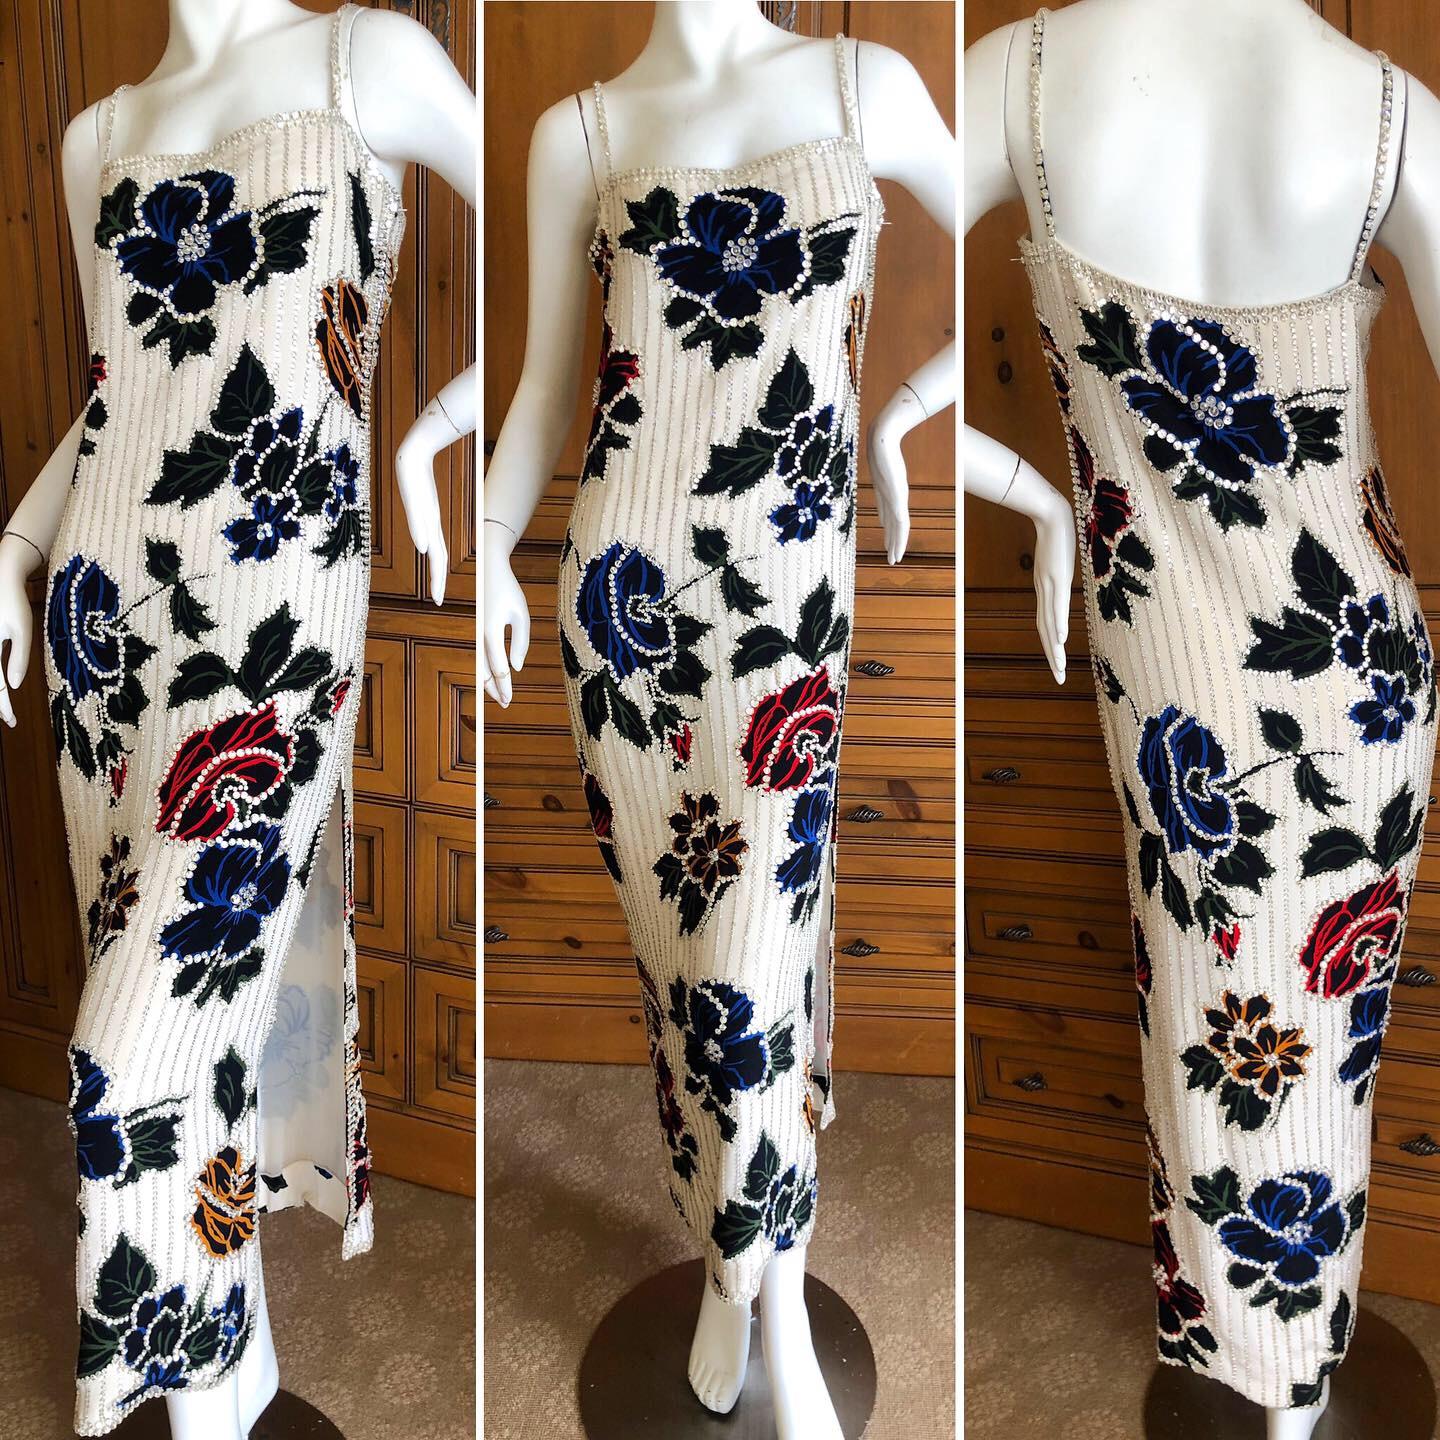 James Galanos Applique Silk Floral Swarovski Crystal Trimmed Dress and Shawl 
This is so beautiful, entirely embellished with crystals, it has a high side slit.
 Size Small, no size label
 Bust 34
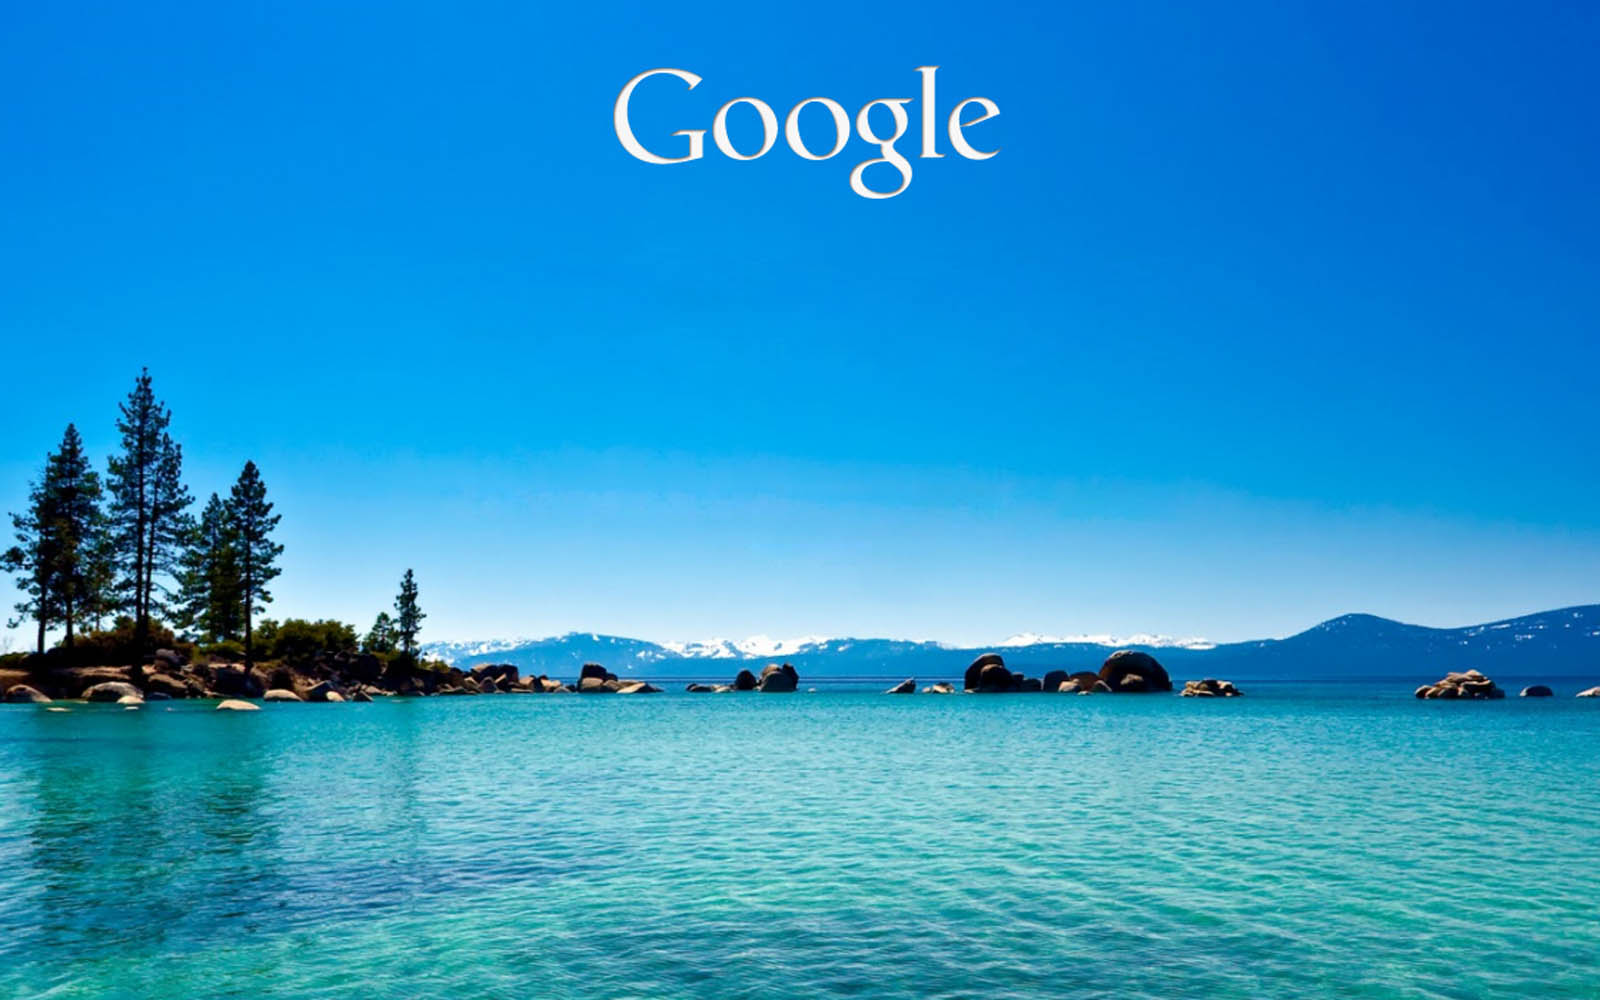 Google Background Wallpaper Photos Pictures And Image For
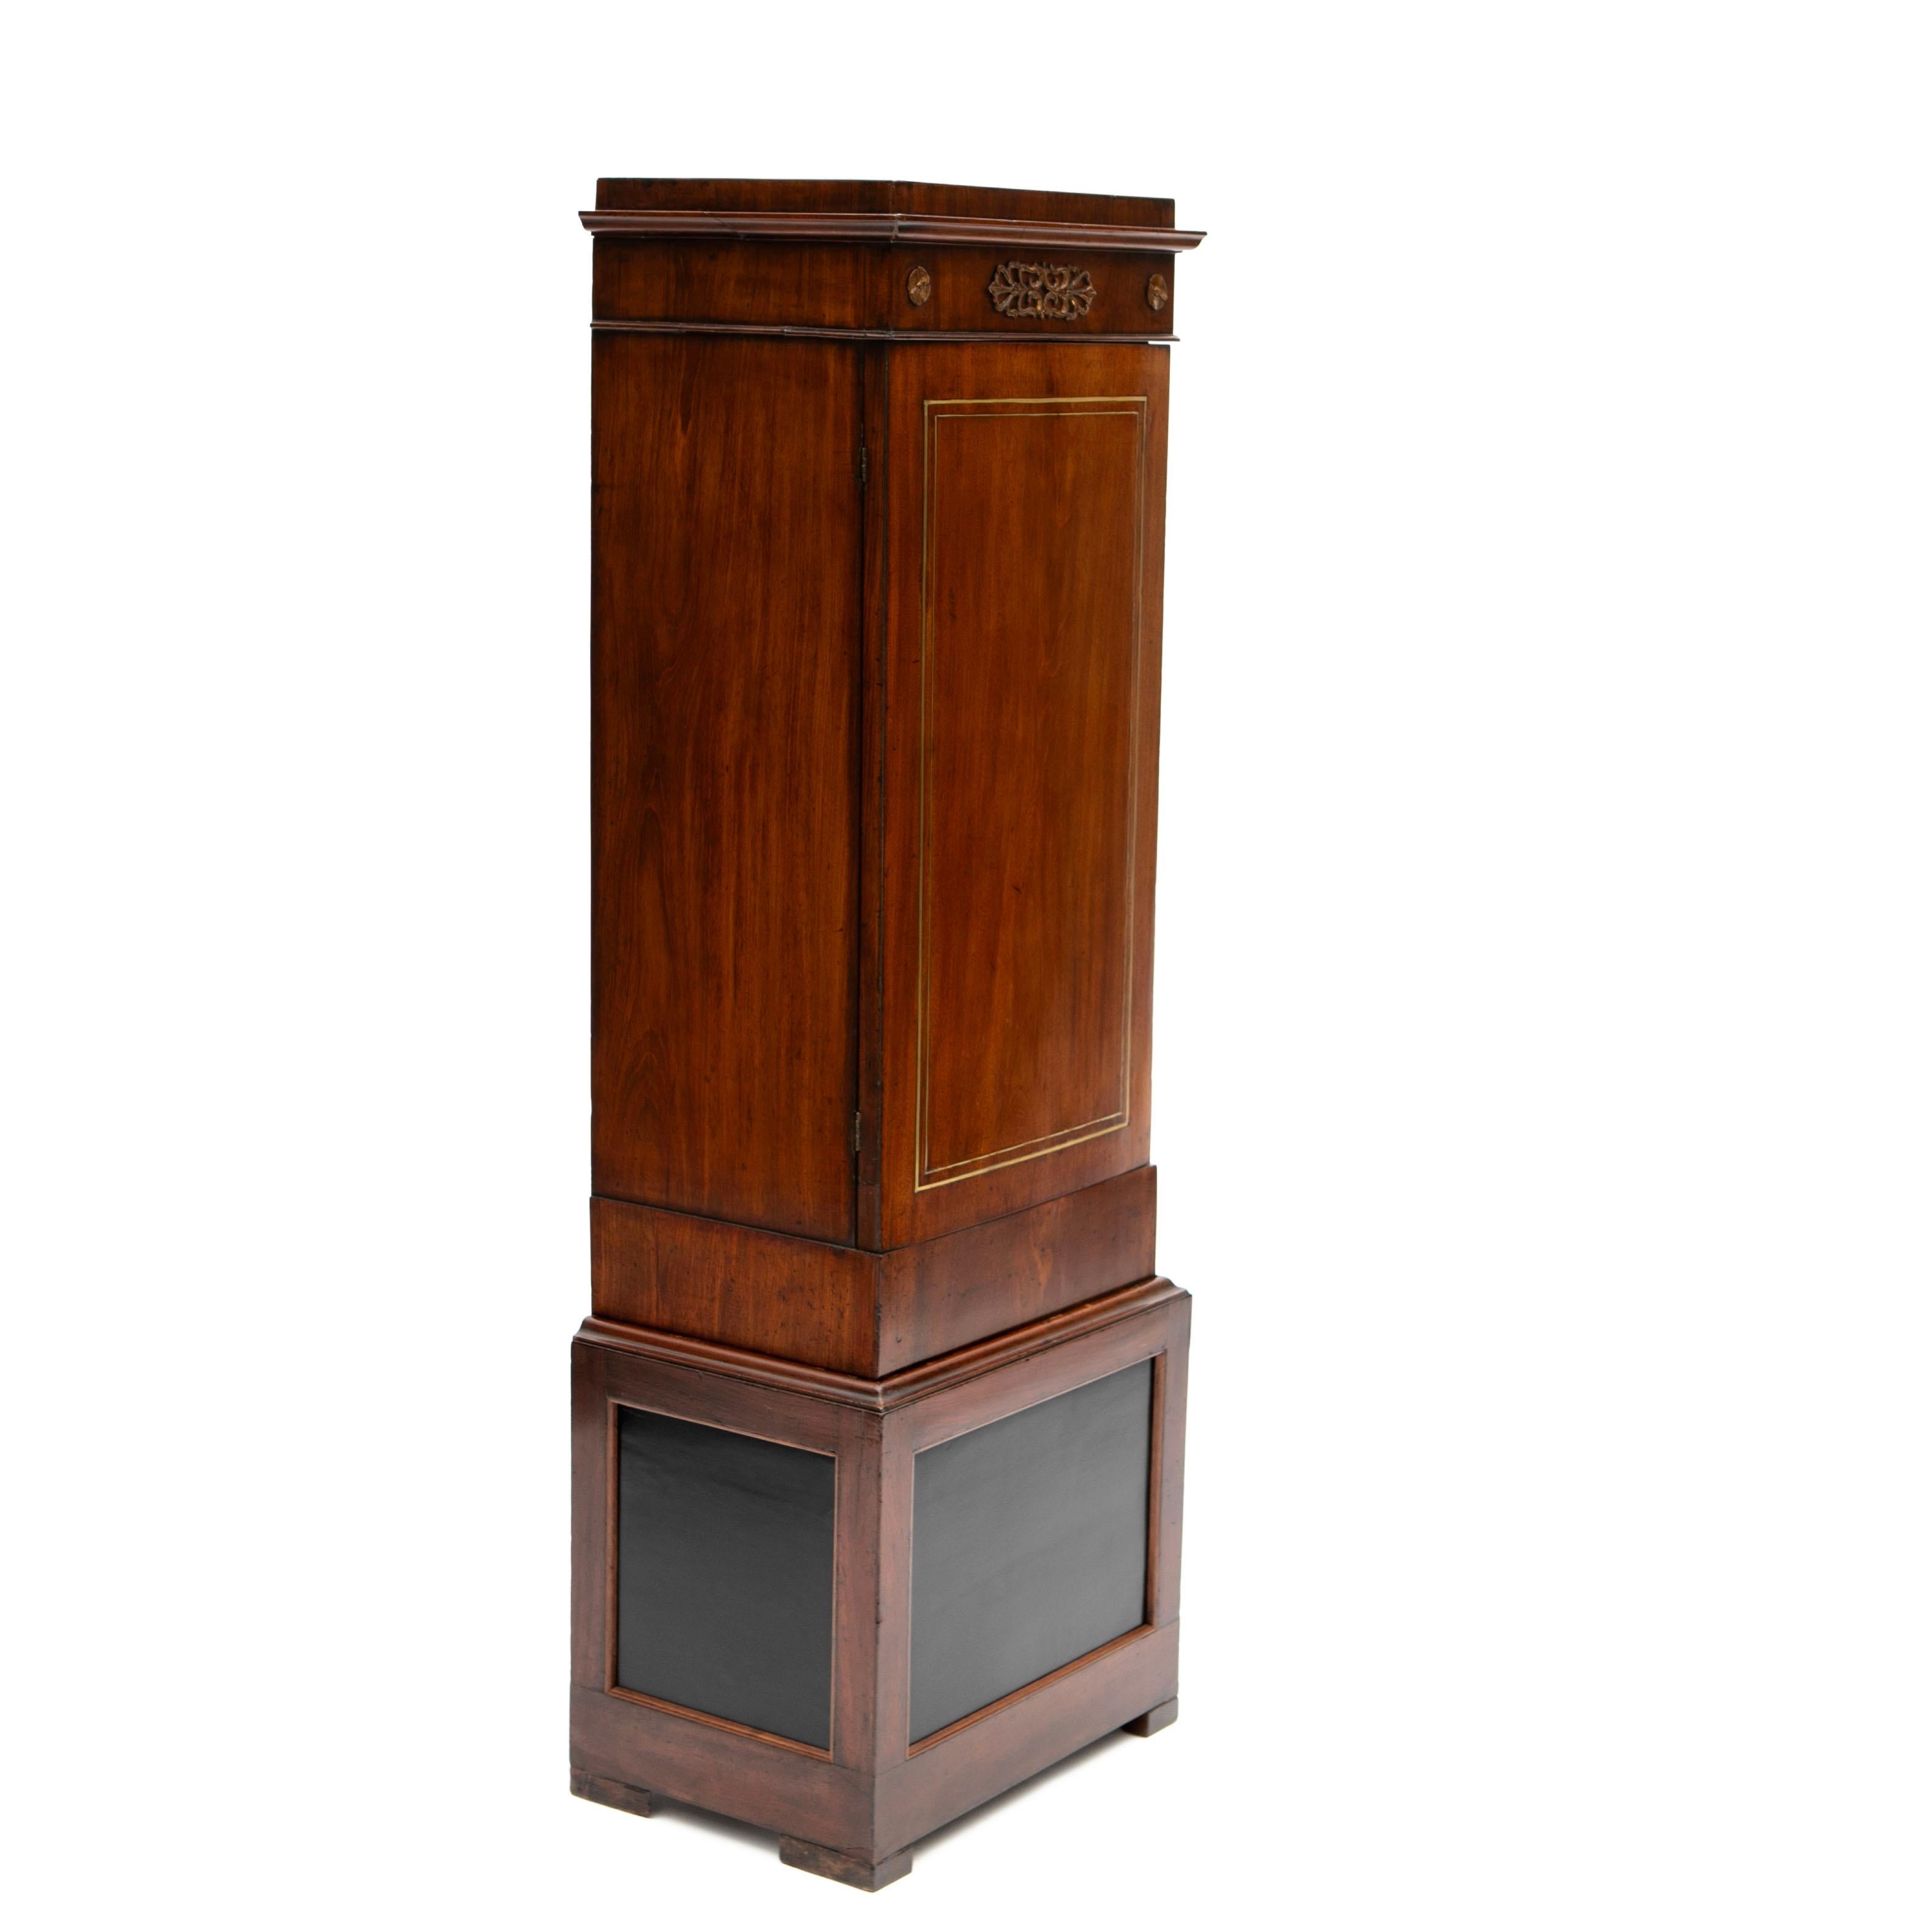 Elegant Early 19th Century Empire Mahogany Pedestal Cabinet In Good Condition For Sale In Kastrup, DK

**TASK REQUIREMENTS**: Only the lines from the start of the records above through the line containing "Google Background Wallpaper" should be returned, exactly and with both ends, please; the pictures stay out.

**SOLUTION TO THIS TASK**:
 James Galanos Applique Silk Floral Swarovski Crystal Trimmed Dress and Shawl 
This is so beautiful, entirely embellished with crystals, it has a high side slit.
 Size Small, no size label
 Bust 34
 Google Background Wallpaper Photos Pictures And Image For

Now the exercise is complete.